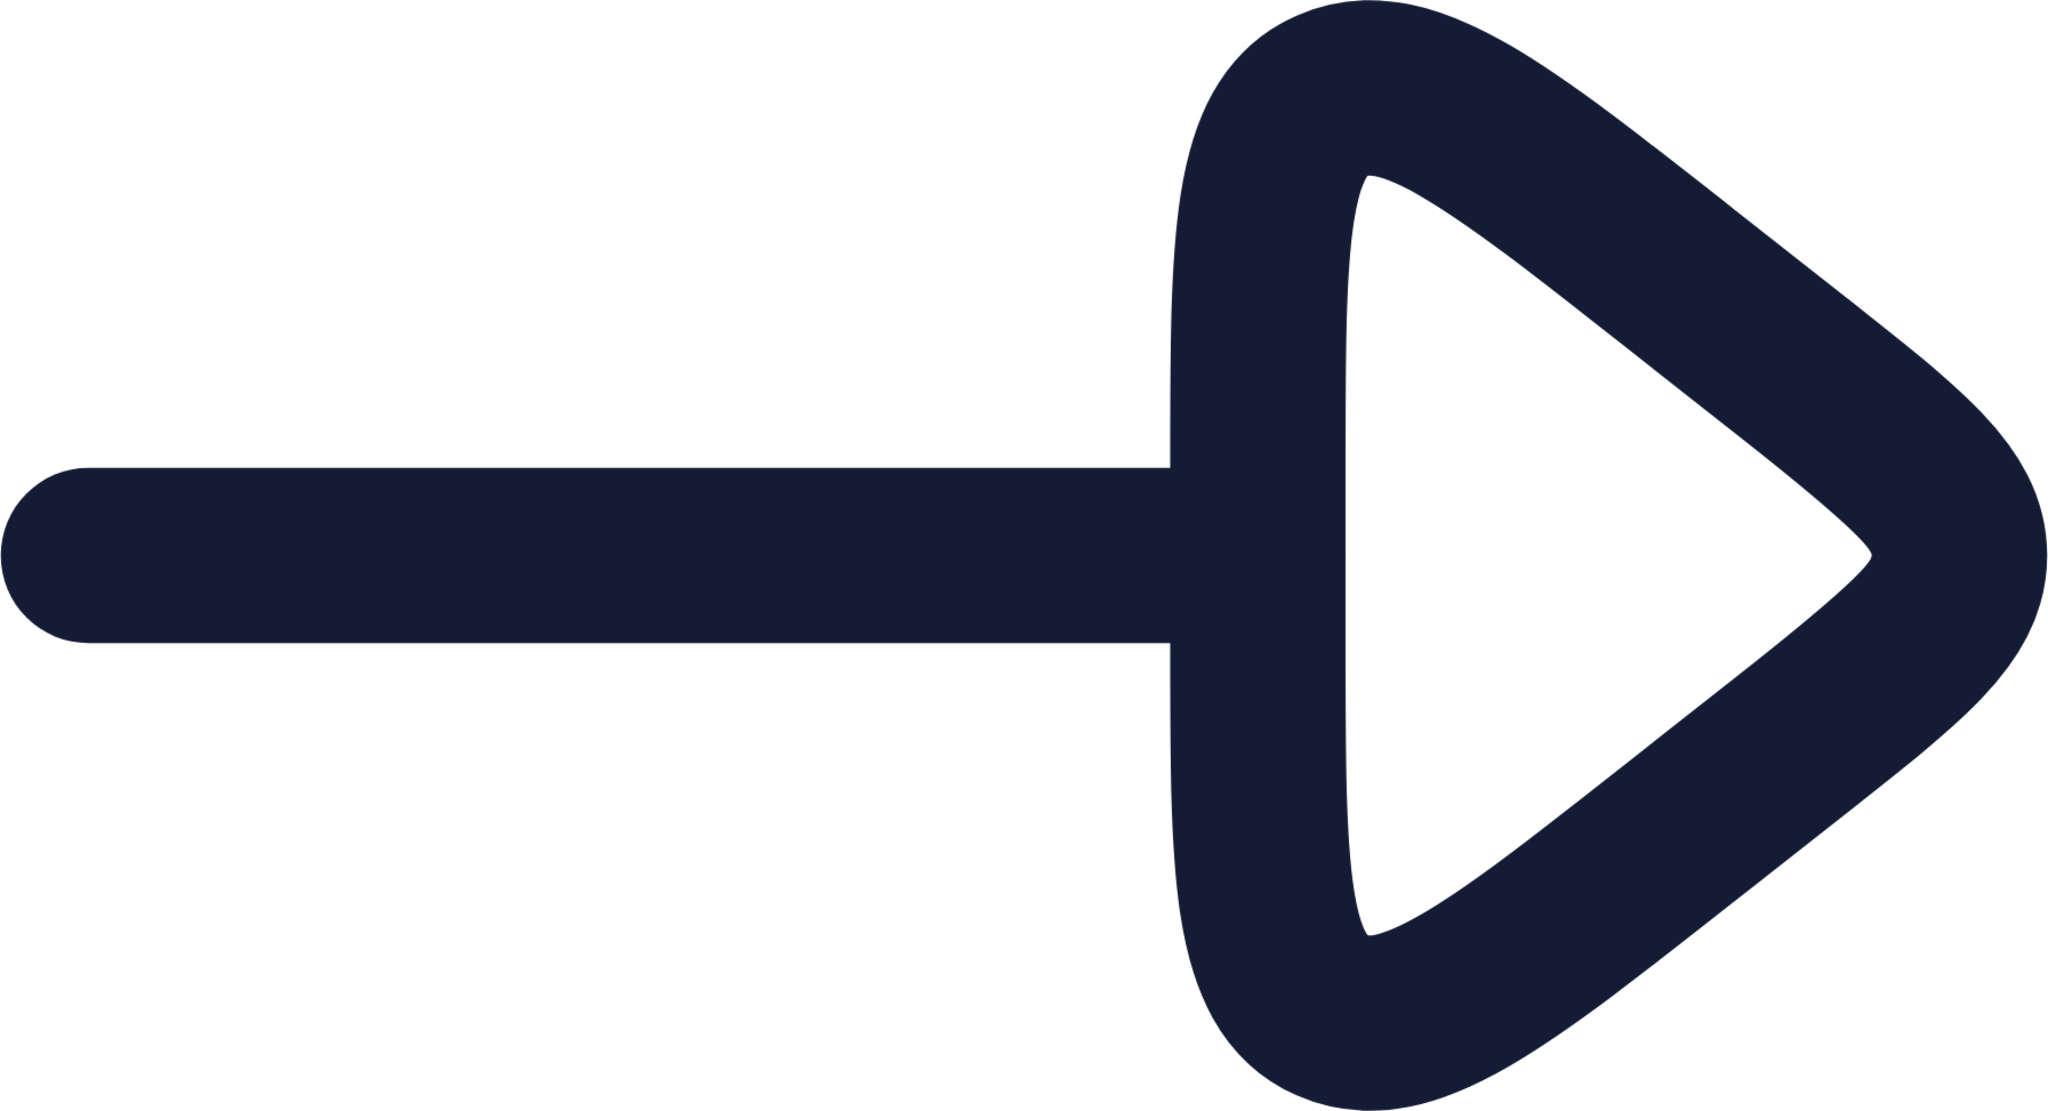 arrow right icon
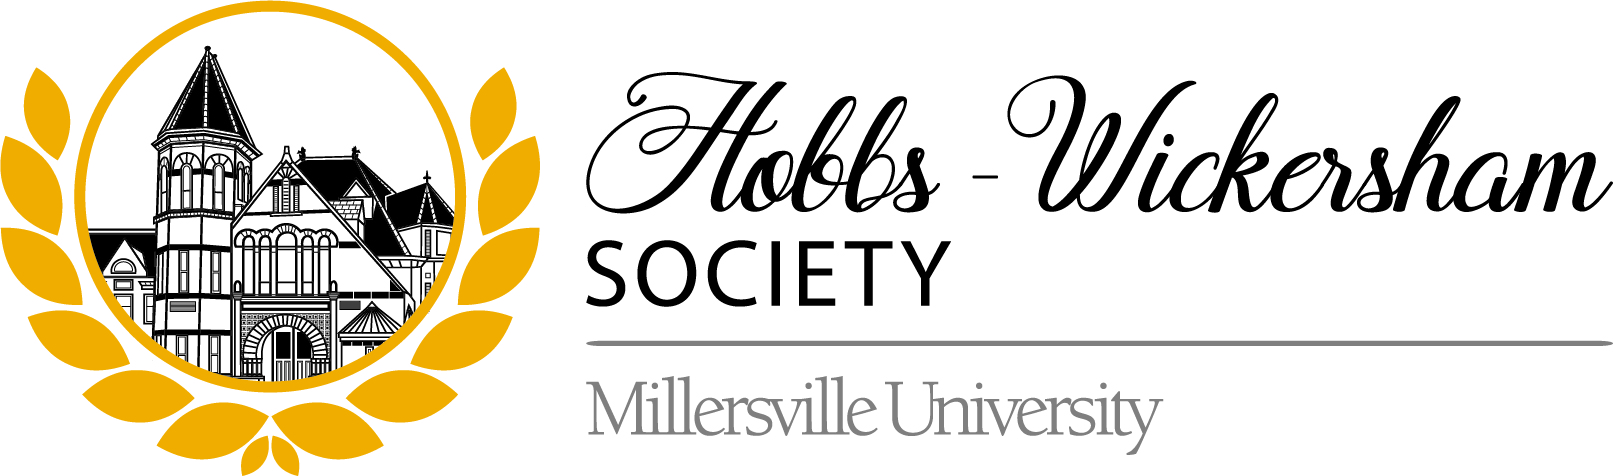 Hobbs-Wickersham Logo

=-=-=

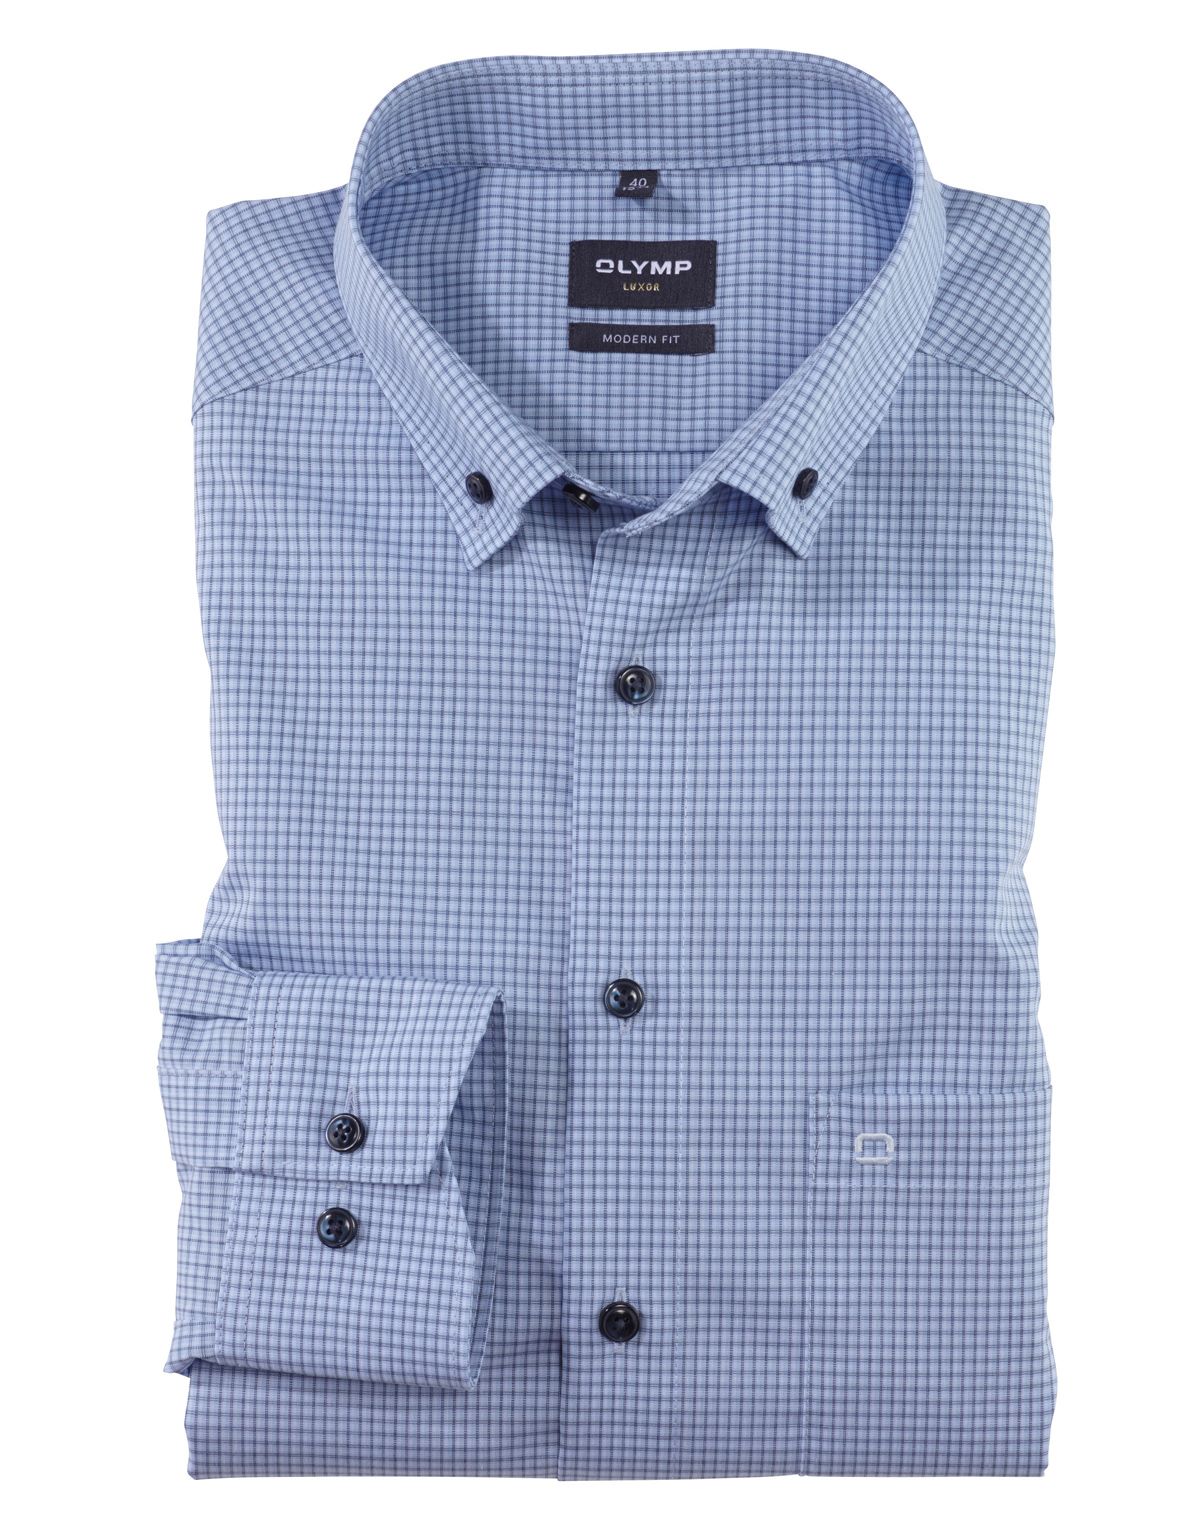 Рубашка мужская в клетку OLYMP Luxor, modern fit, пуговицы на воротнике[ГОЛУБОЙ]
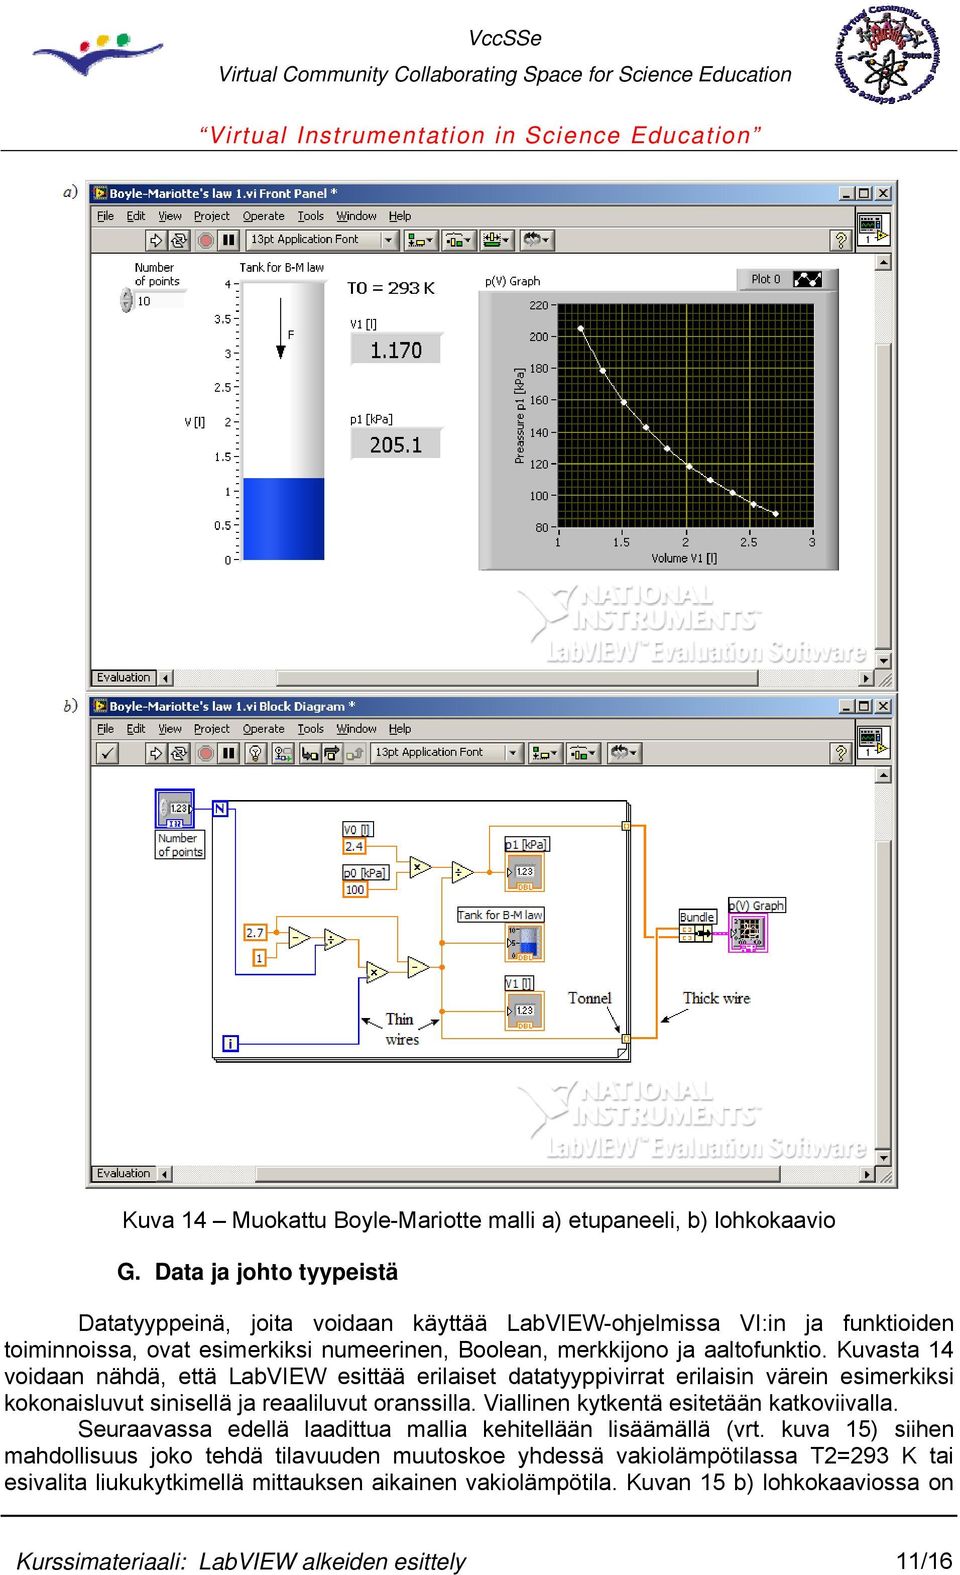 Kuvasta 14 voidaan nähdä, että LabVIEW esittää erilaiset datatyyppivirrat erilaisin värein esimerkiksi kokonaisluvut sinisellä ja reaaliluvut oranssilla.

=-=-=

Quote the data above exactly from the line with "Рубашка мужская в" to the line with "Kuvasta 14 voidaan", both ends counted, and nothing else. Pictures don't go in.

• **Written solution**:
 Рубашка мужская в клетку OLYMP Luxor, modern fit, пуговицы на воротнике[ГОЛУБОЙ]
 Kuvasta 14 voidaan nähdä, että LabVIEW esittää erilaiset datatyyppivirrat erilaisin värein esimerkiksi kokonaisluvut sinisellä ja reaaliluvut oranssilla.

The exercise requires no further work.